THE TASK: Without any pictures, print the lines below from the one that has "Разработка логотипа и" through the one that has "吉他 音响 矢量图 麦克风", exactly and nothing else.

ENTRIES SUPPLIED:
-------------------------

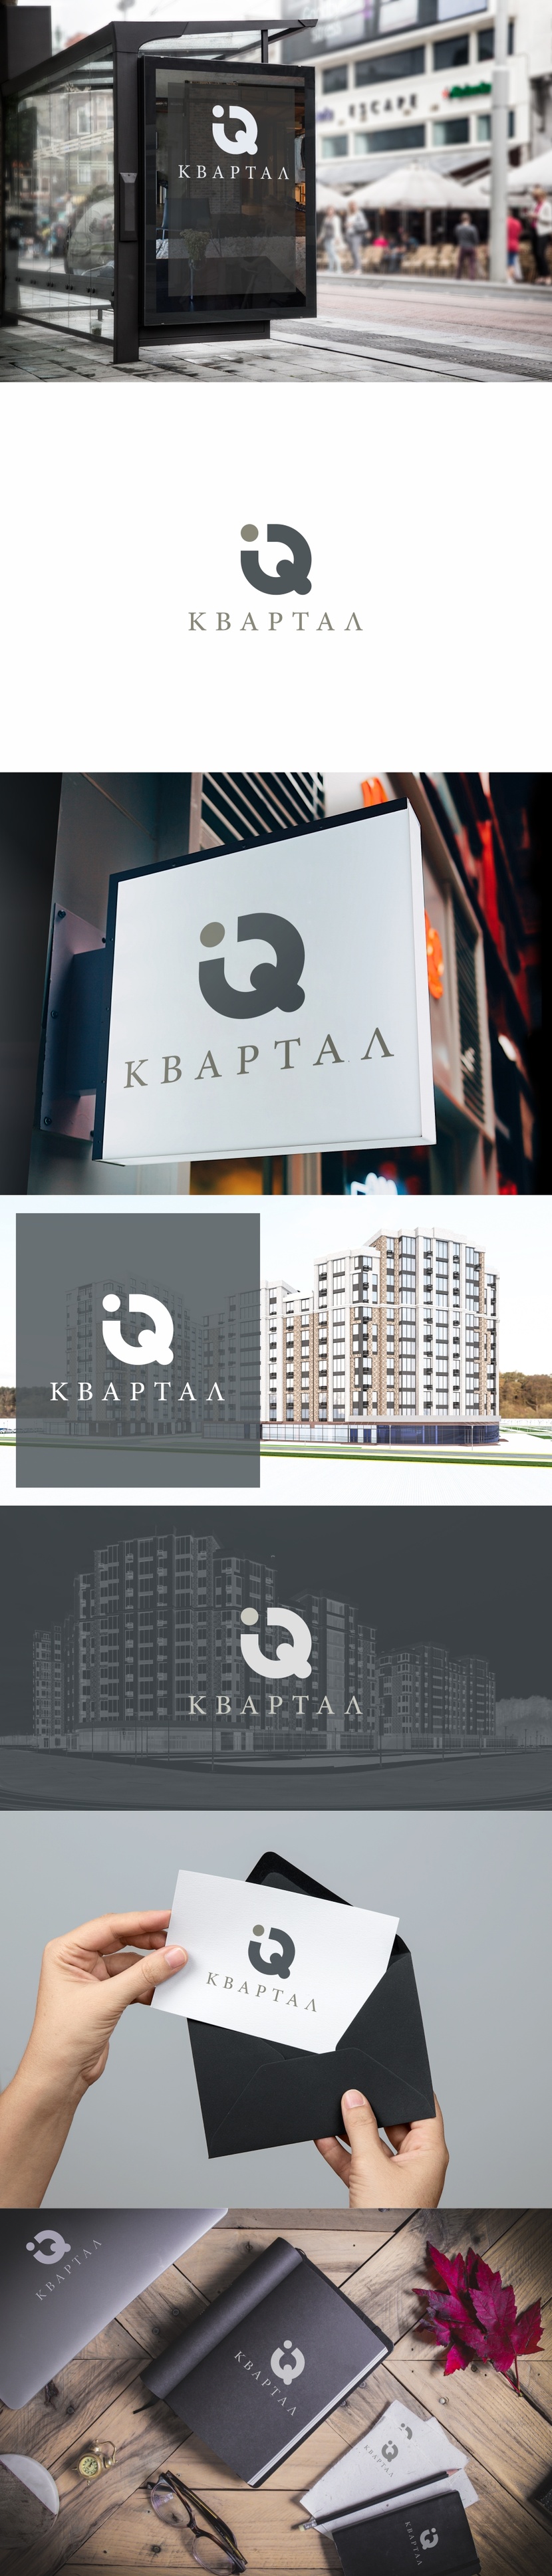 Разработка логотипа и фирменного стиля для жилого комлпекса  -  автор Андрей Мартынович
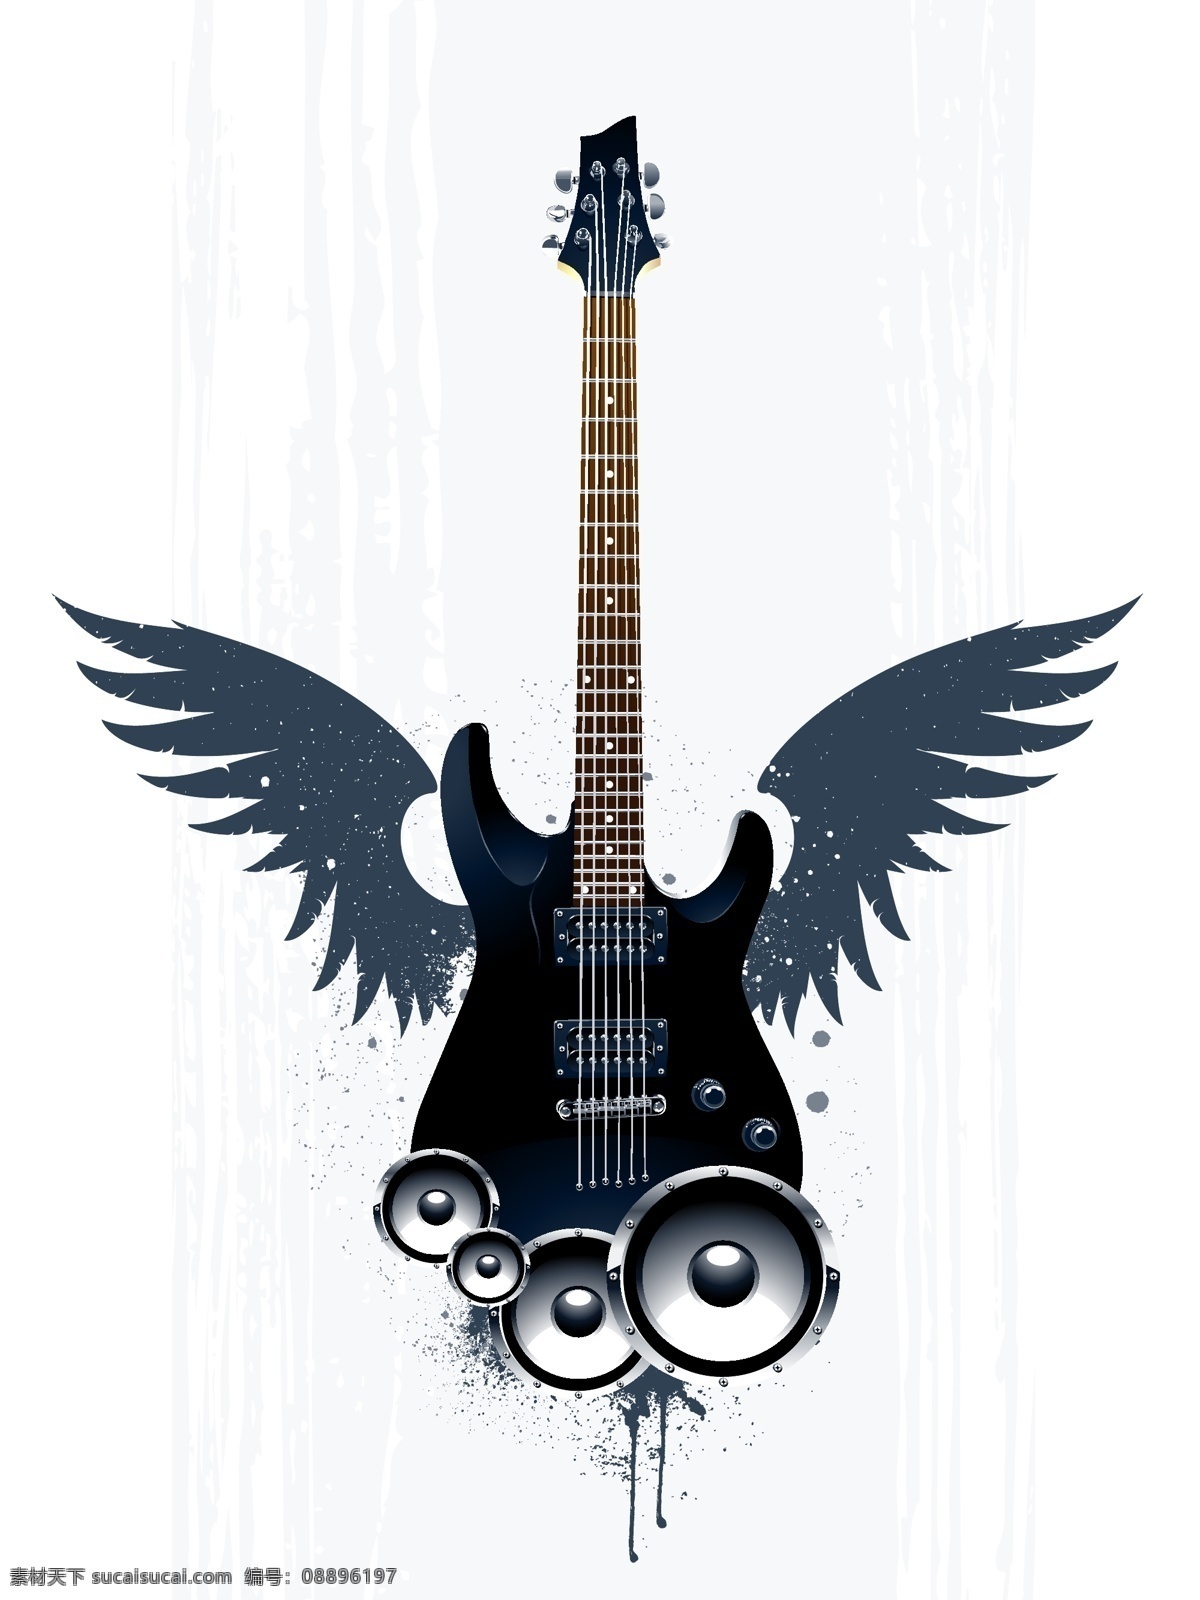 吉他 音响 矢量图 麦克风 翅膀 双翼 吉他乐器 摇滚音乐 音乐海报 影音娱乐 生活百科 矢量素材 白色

-------------------------

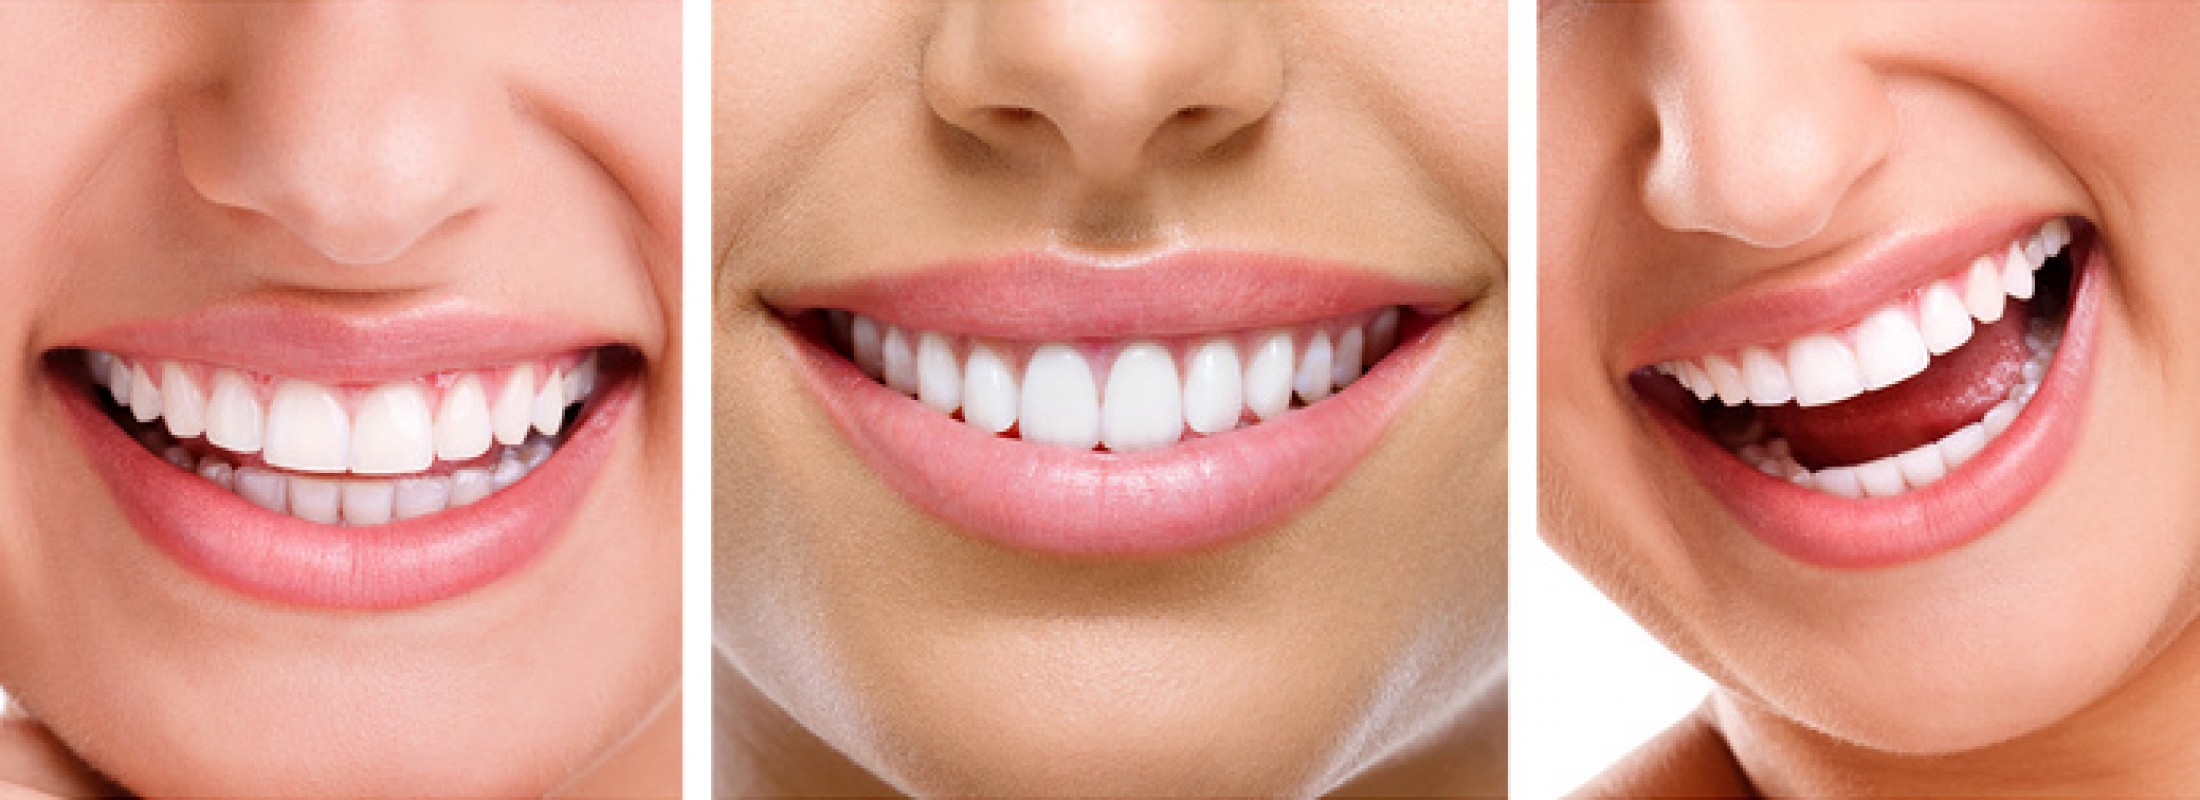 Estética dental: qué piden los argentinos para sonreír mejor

-------------------------

SOLVED EXERCISE:
 Разработка логотипа и фирменного стиля для жилого комлпекса  -  автор Андрей Мартынович
 吉他 音响 矢量图 麦克风 翅膀 双翼 吉他乐器 摇滚音乐 音乐海报 影音娱乐 生活百科 矢量素材 白色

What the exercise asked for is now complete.